RELAX-AHF: Benefits of serelaxin observed in subgroup analyses

AMSTERDAM — Results from a new analysis of the phase 3 RELAX-AHF study demonstrate that serelaxin improved symptoms and mortality across multiple subgroups of patients with acute HF.

Additional data on the investigational drug (Novartis) were presented at ESC Congress 2013 by Marco Metra, MD, professor of cardiology at the University of Brescia, Italy.

The addition of serelaxin, also known as RLX030, to standard therapy was associated with “nominally significant” improvements in dyspnea and mortality at 6 months across all prespecified subgroups, including those with renal impairment (estimated glomerular filtration rate <50 mL/min), adults aged 75 years or older and patients with atrial fibrillation, as compared with placebo. Subgroup analyses revealed no difference in the effect of serelaxin on dyspnea relief or the incidence of CV death, HF rehospitalization or renal failure at 60 days, compared with placebo, according to the simultaneous publication in European Heart Journal.

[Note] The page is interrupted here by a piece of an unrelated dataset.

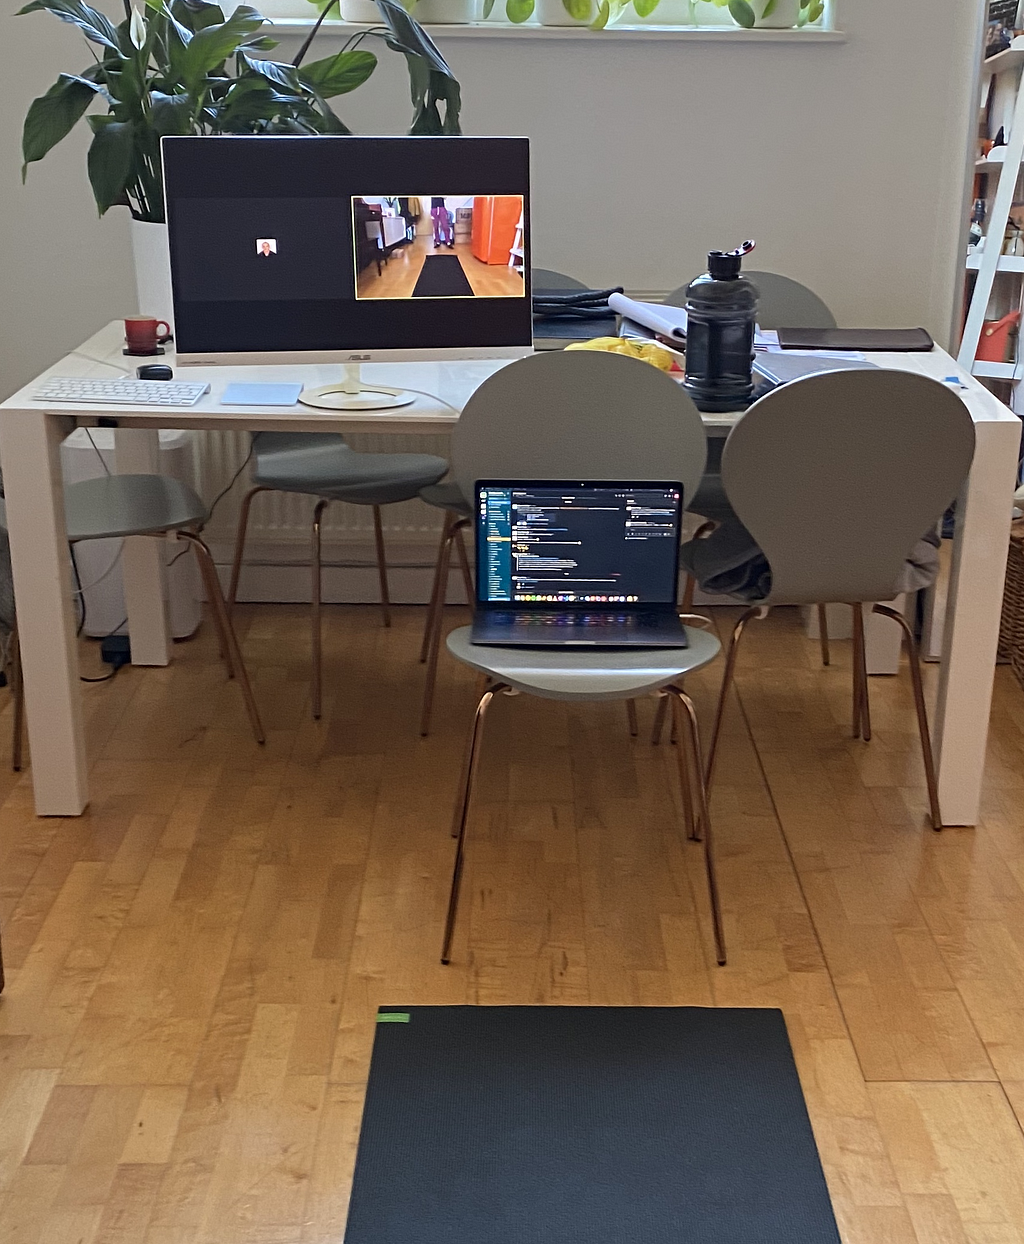 A yoga mat is unrolled on the floor, in front of a forward-facing chair with a laptop on top of it.

Subgroup analyses were conducted based on age, sex, race, geographic region, estimated GFR, time from presentation to randomization, baseline systolic BP, history of diabetes, AF, ischemic heart disease, and use of cardiac devices and IV nitrates at randomization.

“The effects of serelaxin vs. placebo appeared to be similar across subgroups of patients in RELAX-AHF,” the researchers wrote in the study. However, they cautioned that the small numbers of patients in each subgroup limit statistical conclusions that can be drawn from this analysis.

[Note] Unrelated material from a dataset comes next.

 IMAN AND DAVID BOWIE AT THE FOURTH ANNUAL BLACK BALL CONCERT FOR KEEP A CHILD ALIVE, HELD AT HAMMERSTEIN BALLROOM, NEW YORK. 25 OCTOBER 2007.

The international, randomized, double blind RELAX-AHF study included 1,161 patients. The trial was designed to compare the efficacy and safety of serelaxin vs. placebo in addition to conventional therapy for the treatment of acute HF. Serelaxin was administered within 16 hours of hospitalization as an IV infusion (30 mcg/kg/day) for 48 hours in addition to conventional therapy. The study had two primary endpoints using different scales to measure reduction in dyspnea, according to a press release.

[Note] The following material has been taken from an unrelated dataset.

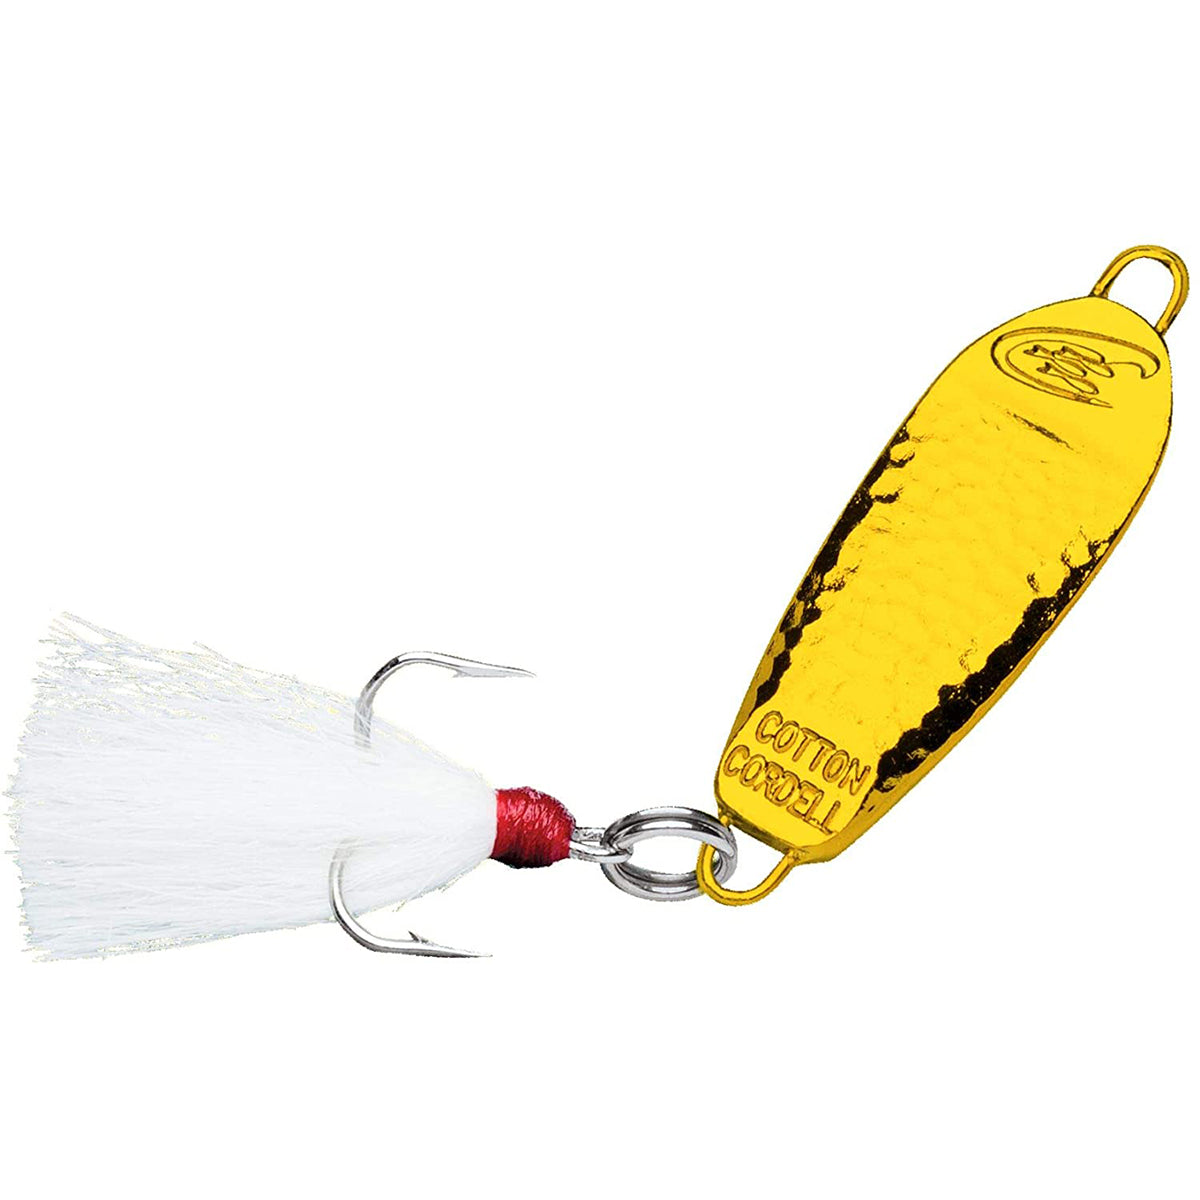 Cotton Cordell Little Mickey Spoon 1/4 oz Fishing Lures Cotton Cordell

The full results were presented at the American Heart Association 2012 Scientific Sessions. Those data demonstrated that serelaxin reduced the risk for mortality by 37%, reduced HF worsening up to day 14, and decreased length of hospital stay and intensive/cardiac care unit stay. The study did not meet secondary endpoints including days alive and out of hospital up to 60 days and CV death or rehospitalization due to HF or kidney failure up to 60 days, according to the release.

For more information:

Metra M. Clinical Trial Update Hot Line I: Updates on hypertension, heart failure and diabetes. Presented at: the European Society of Cardiology Congress; Aug. 31-Sept. 4, 2013; Amsterdam.

Metra M. Eur Heart J. 2013;doi:10.1093/eurheartj/eht371.

Disclosure: Metra reports receiving consulting income from Amgen, Bayer, Daiichi Sankyo, Novartis, Servier and Trevana, and speaker honoraria from Abbott Vascular and Novartis.